Endothelin-converting enzyme-1 (ECE-1) regulates the recycling and resensitisation of the neuromedin U 2 receptor (NMU2) following activation by neuromedin U-25 but not neuromedin S.

Khaled Alhosaini1,2, R A John Challiss1, Gary B Willars1. 1University of Leicester, Department of Cell Physiology and Pharmacology, MSB, University Road, Leicester, LE2 3RG, UK, 2King Saud University, Faculty of Pharmacy, Riyadh, Saudi Arabia

Neuromedin U receptor 1 and NMU2 are family A, G protein-coupled receptors that mediate a wide range of physiological effects of the gut-brain neuropeptide, neuromedin U (NmU). More recently, neuromedin S (NmS) has been identified as a ligand of these receptors and its distribution within specific regions of the CNS suggests responsibility for the inhibitory effects of NMU2 activation on feeding behaviour. Both NMU1 and NMU2 couple to Gαq/11 and Gαi/o proteins leading to increases in phosphoinositide/Ca2+ signalling and inhibition of adenylyl cyclase activity respectively. We have reported the essentially irreversible binding of NmU to its receptors and the subsequent internalisation of both ligand and receptor (Brighton et al, 2004). This suggests that the processing of internalised ligand could play a role in regulating the lifetime of the ligand-receptor complex and potentially regulate receptor recycling and resensitisation. Indeed, endosomal ECE-1 degradation of peptide ligands has been shown to be important in the recycling of several GPCRs (e.g. Roosterman et al, 2007). Here, we examined the role of ECE-1 in resensitisation of NMU2-mediated Ca2+ responses to either human NmU-25 or NmS-33 in HEK 293 cells recombinantly expressing human NMU2 using fluo-4-loaded cells and a NOVOstar microplate reader.

Acute exposure (5 min) to a maximum concentration of NmU-25 (30 nM) resulted in a marked desensitisation (reduced potency and Emax) of subsequent responses to NmU-25 that required 6 h to fully recover. This recovery was unaffected by inhibition of protein synthesis using cycloheximide (17.5 µM) but was significantly (P<0.001) attenuated by the internalisation inhibitor, dynasore (80 µM) (17+2% versus 69+1% recovery at 3 h; all data are mean+sem, n>3; statistical analysis by one-way or two-way ANOVA and Bonferroni’s range test). Further, monensin (50 µM), an inhibitor of endosomal acidification, abolished recovery over the 6 h period. The ECE-1 inhibitor, SM-19712 (10 µM) significantly (P<0.001) delayed recovery (e.g. 17+3% versus 68+5% recovery at 3 h). Ca2+ responses to NmS-33 had similar potency and Emax values to NmU-25. However, resensitisation of responses to NmS-33 (5 min pretreatment with 30 nM) were significantly (P<0.001) delayed compared to those with NmU-25 (e.g.68+2% versus 97+2% recovery at 6 h). Although recovery of NmS-33 responses was inhibited by dynasore (29+3% versus 56+4% recovery at 6 h) and monensin (20+5% versus 58+7% recovery at 6 h), recovery was entirely unaffected by SM-19712.

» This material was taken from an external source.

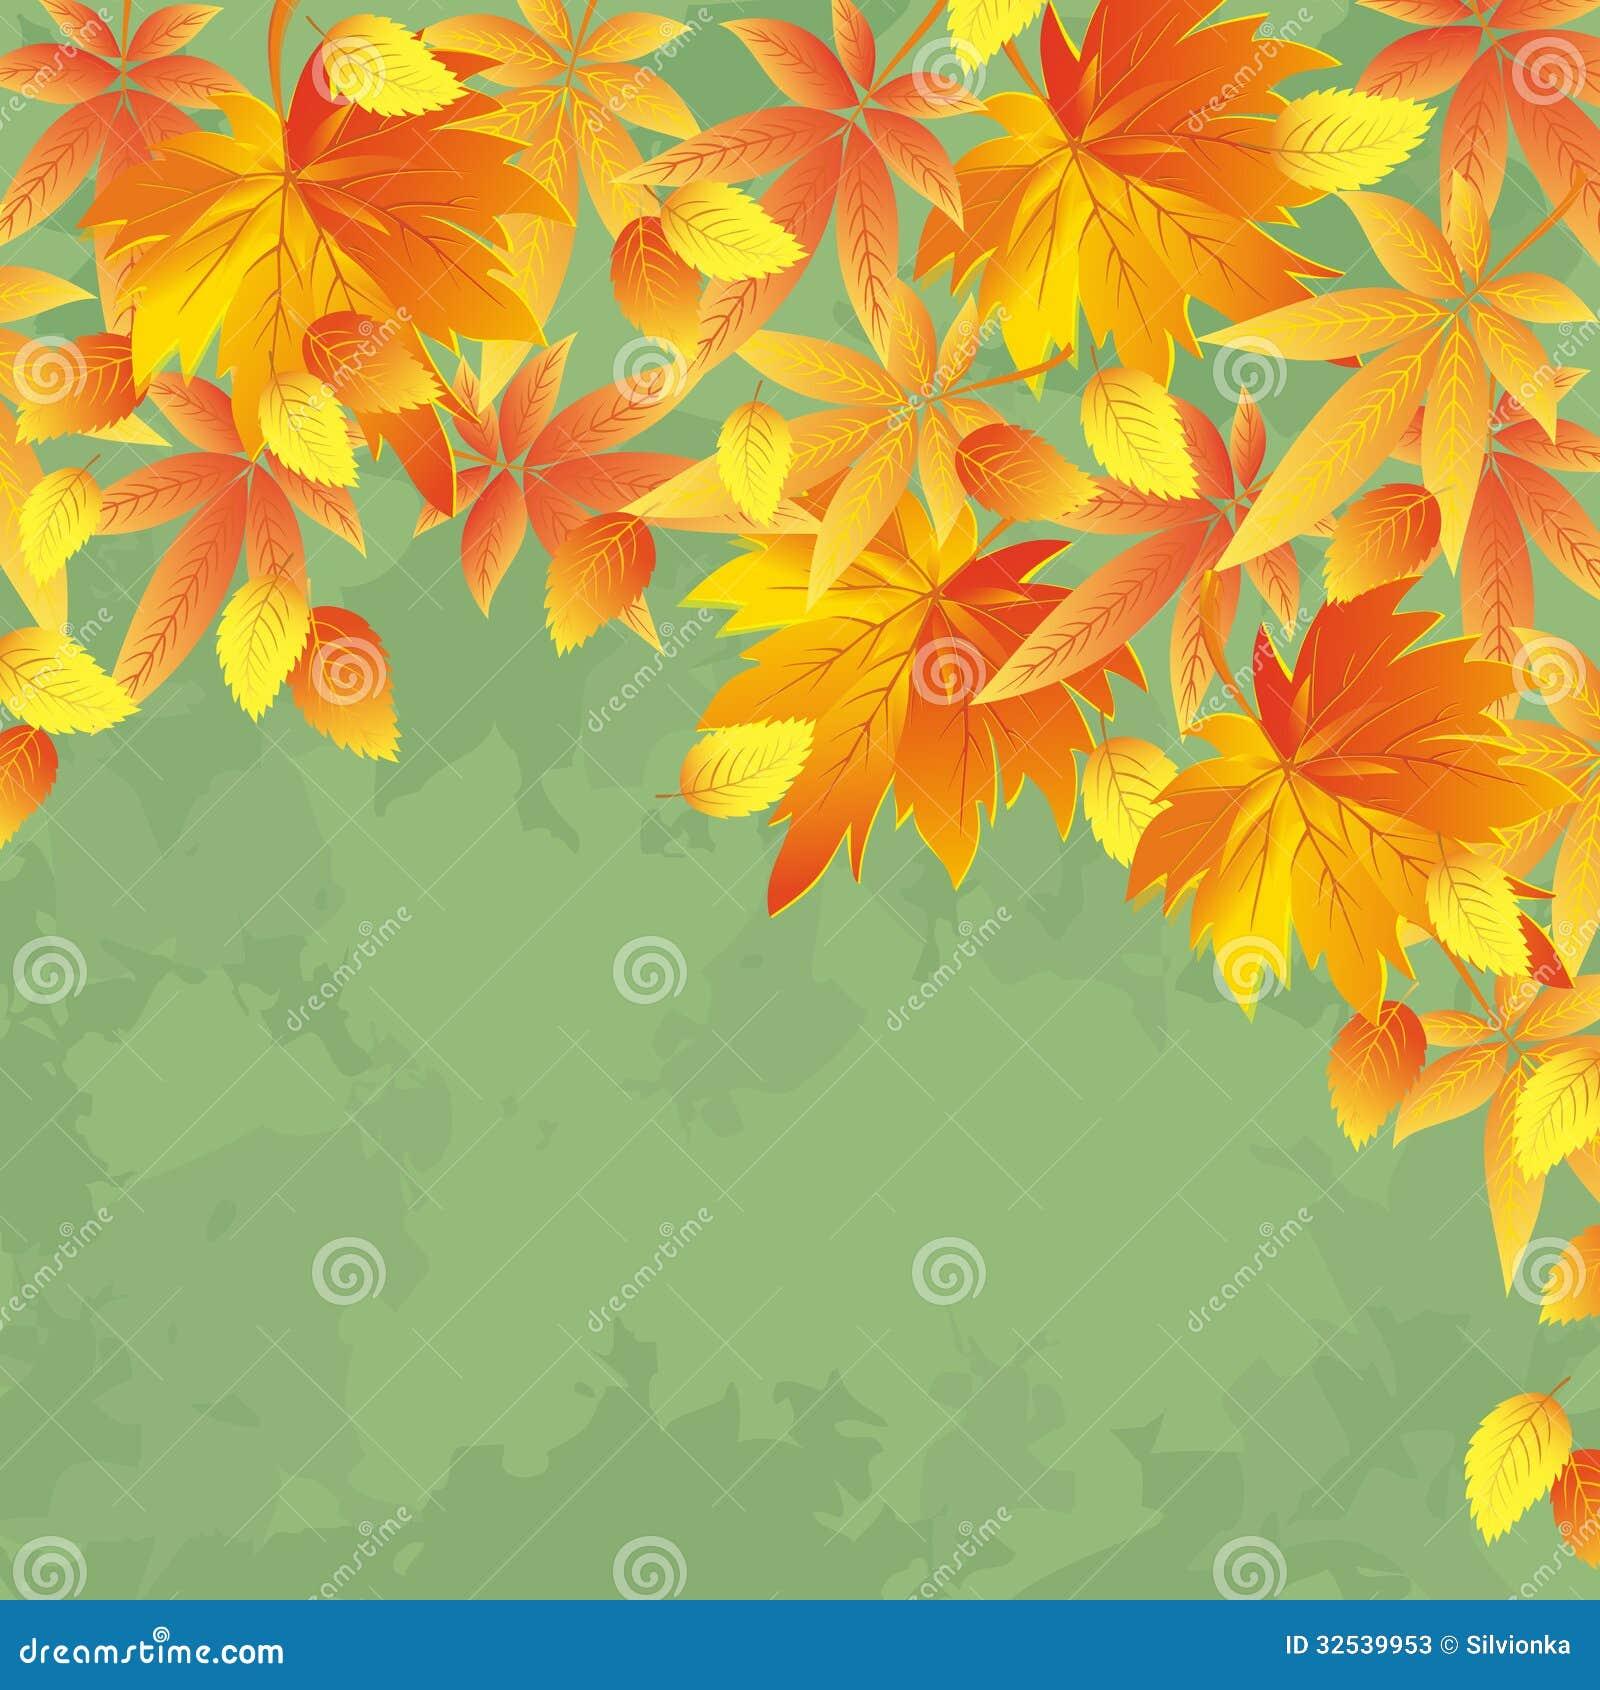 Vintage Autumn Background, Leaf Fall Stock Photos - Image ...

These data suggest that following NMU2 activation and desensitisation by either NmU-25 or NmS-33, resensitisation requires dynamin-dependent internalisation and endosomal acidification. However, resensitisation following desensitisation by NmS-33 is delayed compared to that following NmU-25. Further, the data suggest that endosomal ECE-1 activity is required for resensitisation of NMU2 following desensitisation by NmU-25 but that this activity is not rate-limiting for recovery following desensitisation with NmS-33. These data highlight distinct ligand-dependent effects at the NMU2. Studies are currently underway to establish if such differences between ligands may also influence other aspects of receptor function such as G-protein-independent signalling by internalised receptors.

Brighton et al, (2004) Mol Pharmacol 66: 1544-1556.

Roosterman et al, (2007) Proc Nat Acad Sci USA 104: 11838-11843.